**DATA FOR PROCESSING:**
================================

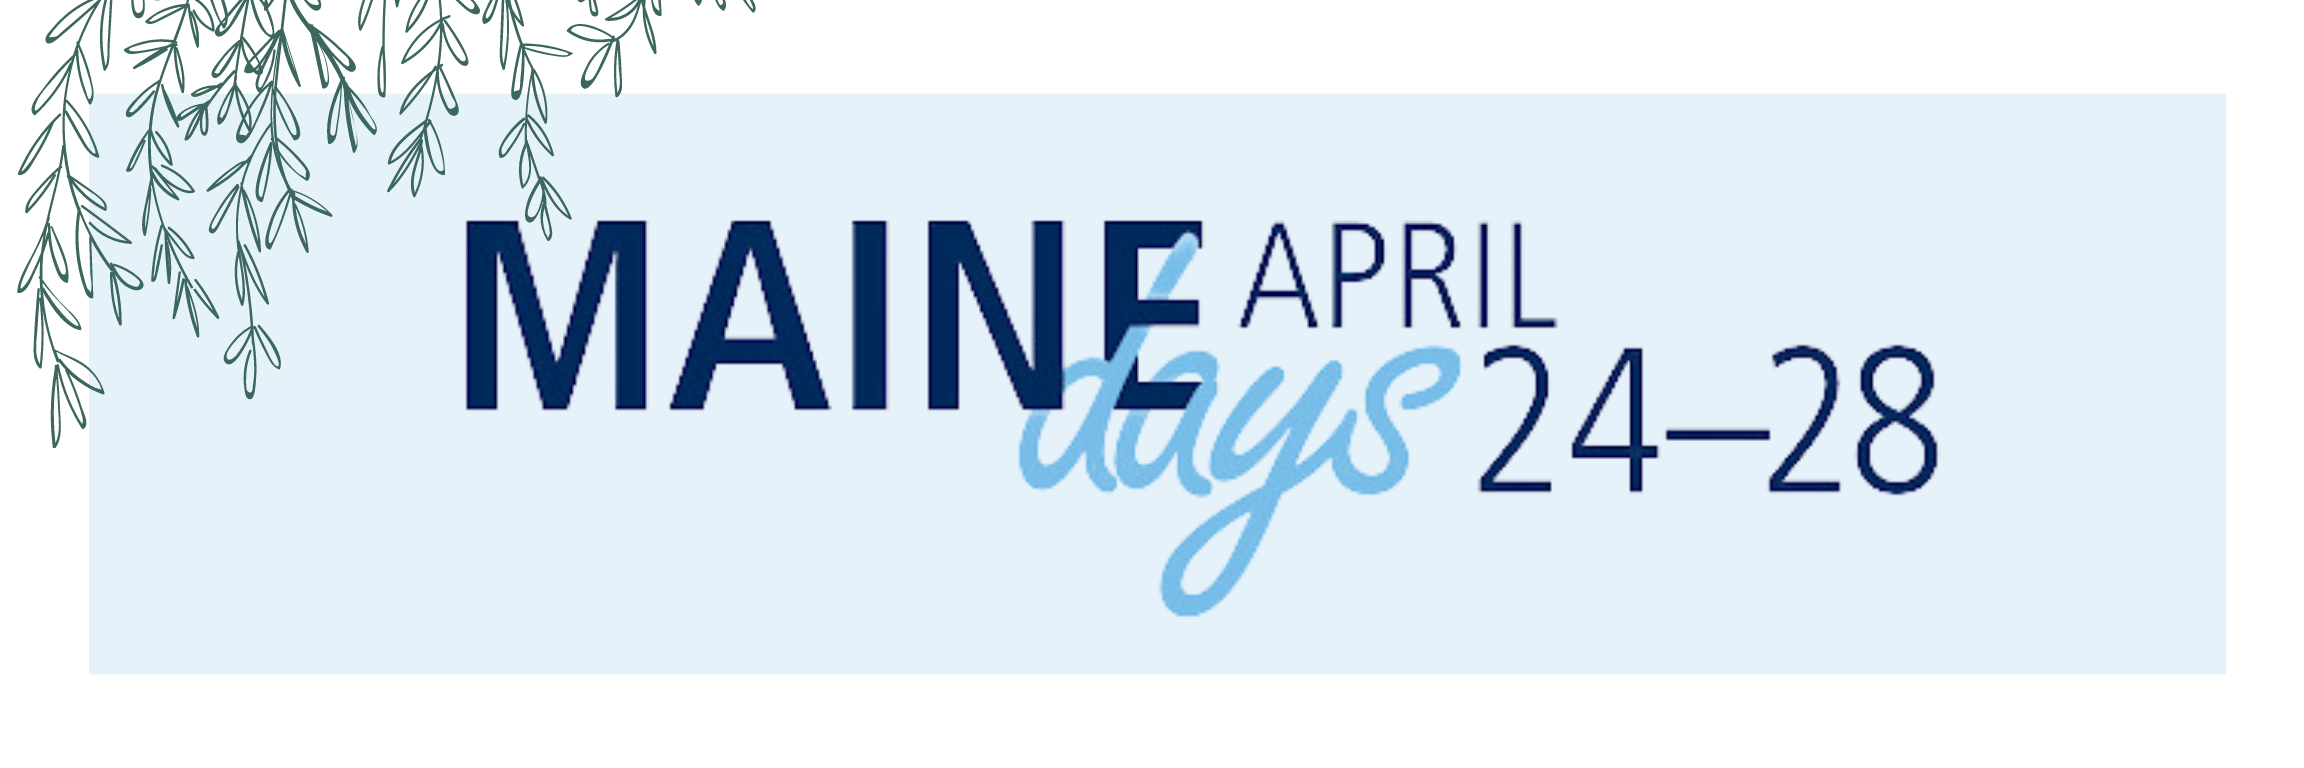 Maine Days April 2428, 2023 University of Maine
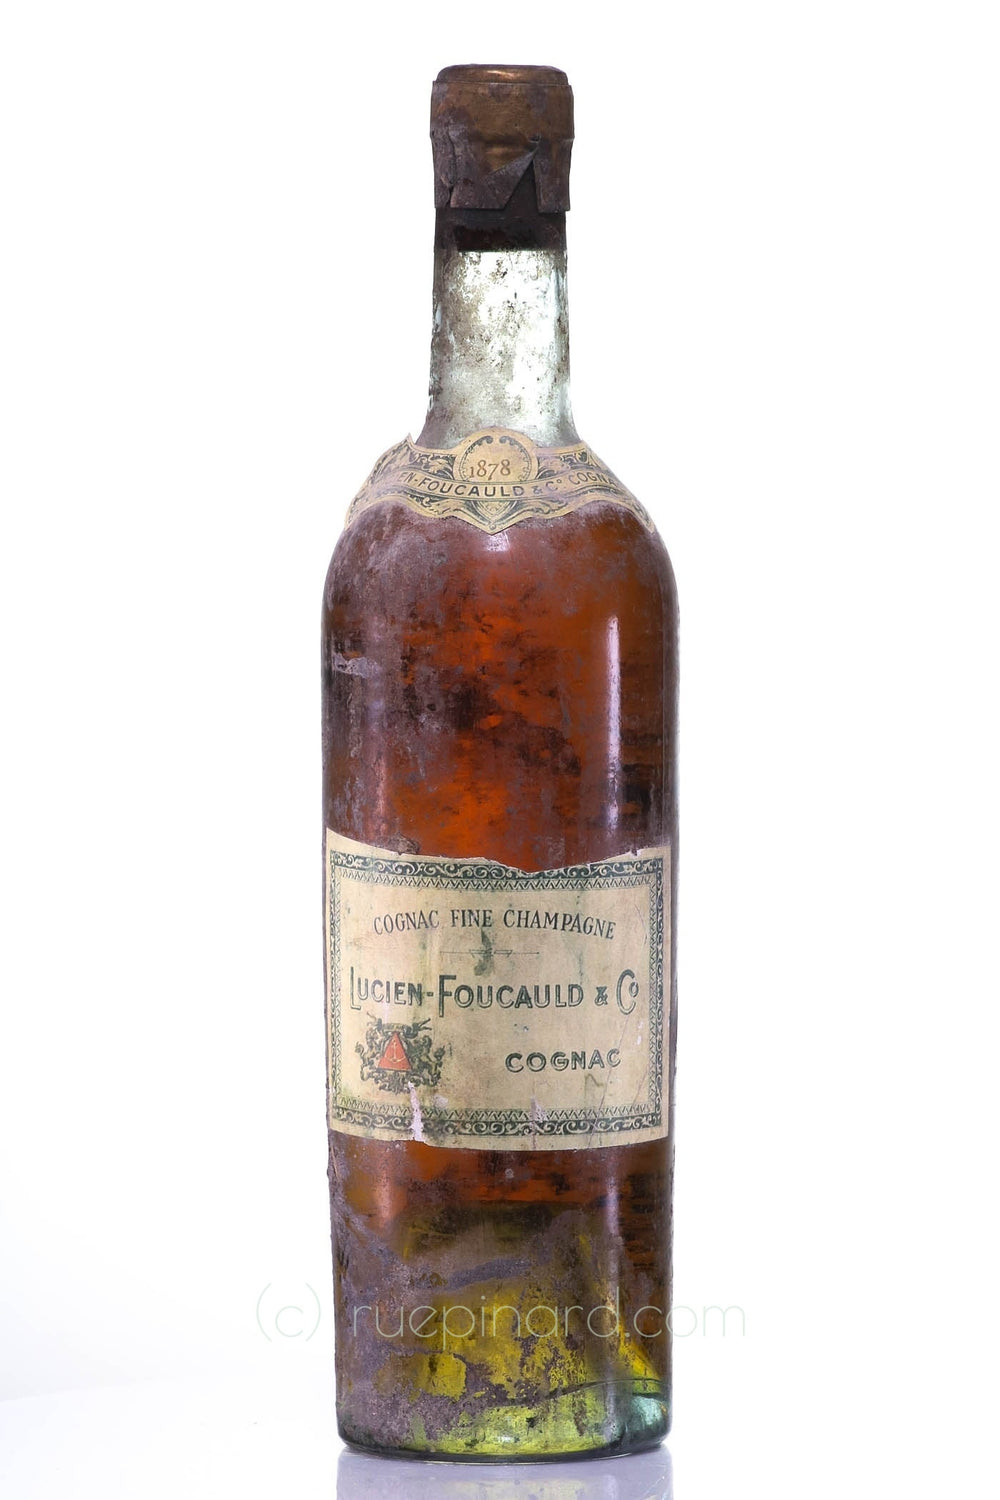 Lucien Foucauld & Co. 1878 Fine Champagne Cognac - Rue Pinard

================================

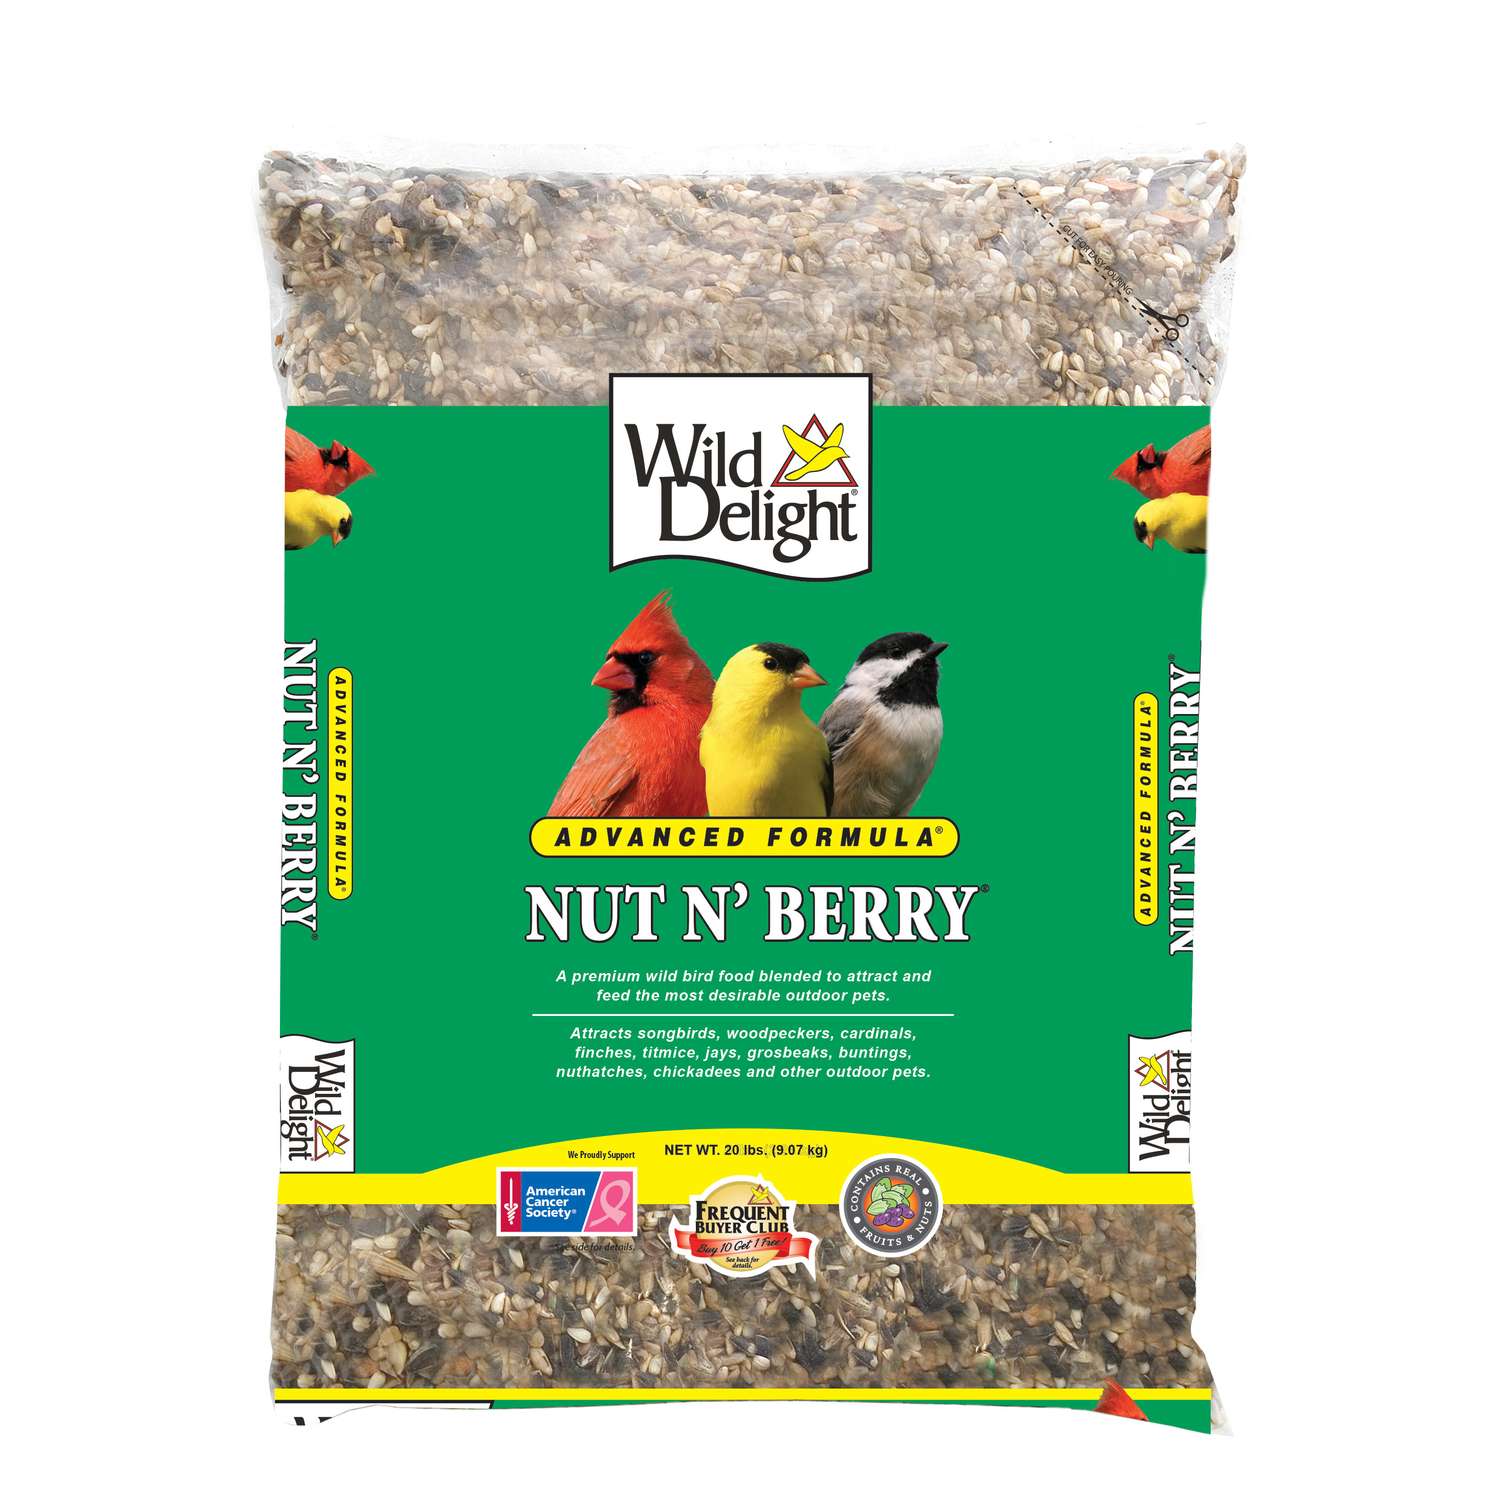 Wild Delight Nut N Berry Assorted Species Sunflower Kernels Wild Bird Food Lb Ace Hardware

================================

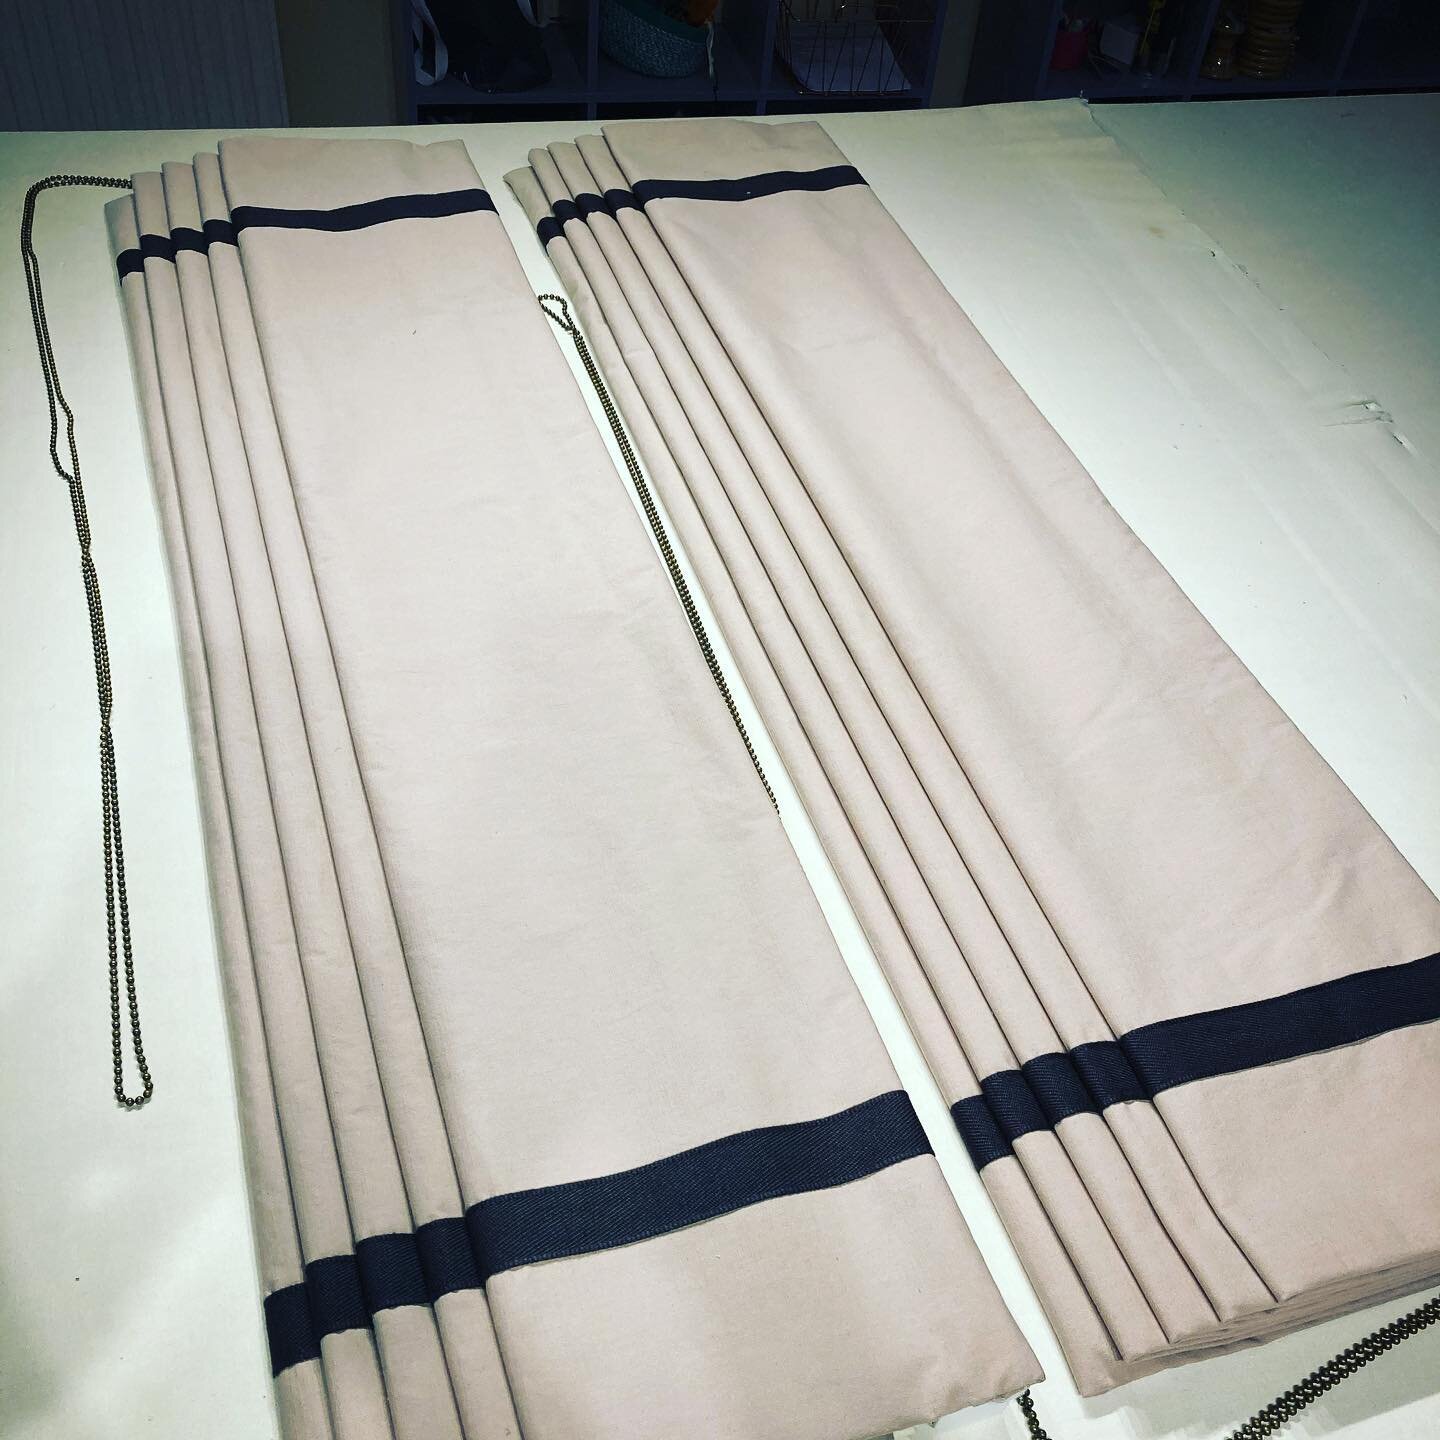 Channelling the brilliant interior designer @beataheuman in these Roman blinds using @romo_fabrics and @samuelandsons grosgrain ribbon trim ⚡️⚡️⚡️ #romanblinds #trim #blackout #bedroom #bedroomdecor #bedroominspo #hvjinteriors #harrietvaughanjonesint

================================

**TASK:** Print the part of the listing above that opens with the line containing "Maine Days April" and closes with the line containing "Lucien Foucauld &". Copy it exactly, both ends included, and omit the pictures.

**REPLY TO THE EXERCISE:**
 Maine Days April 2428, 2023 University of Maine
 Lucien Foucauld & Co. 1878 Fine Champagne Cognac - Rue Pinard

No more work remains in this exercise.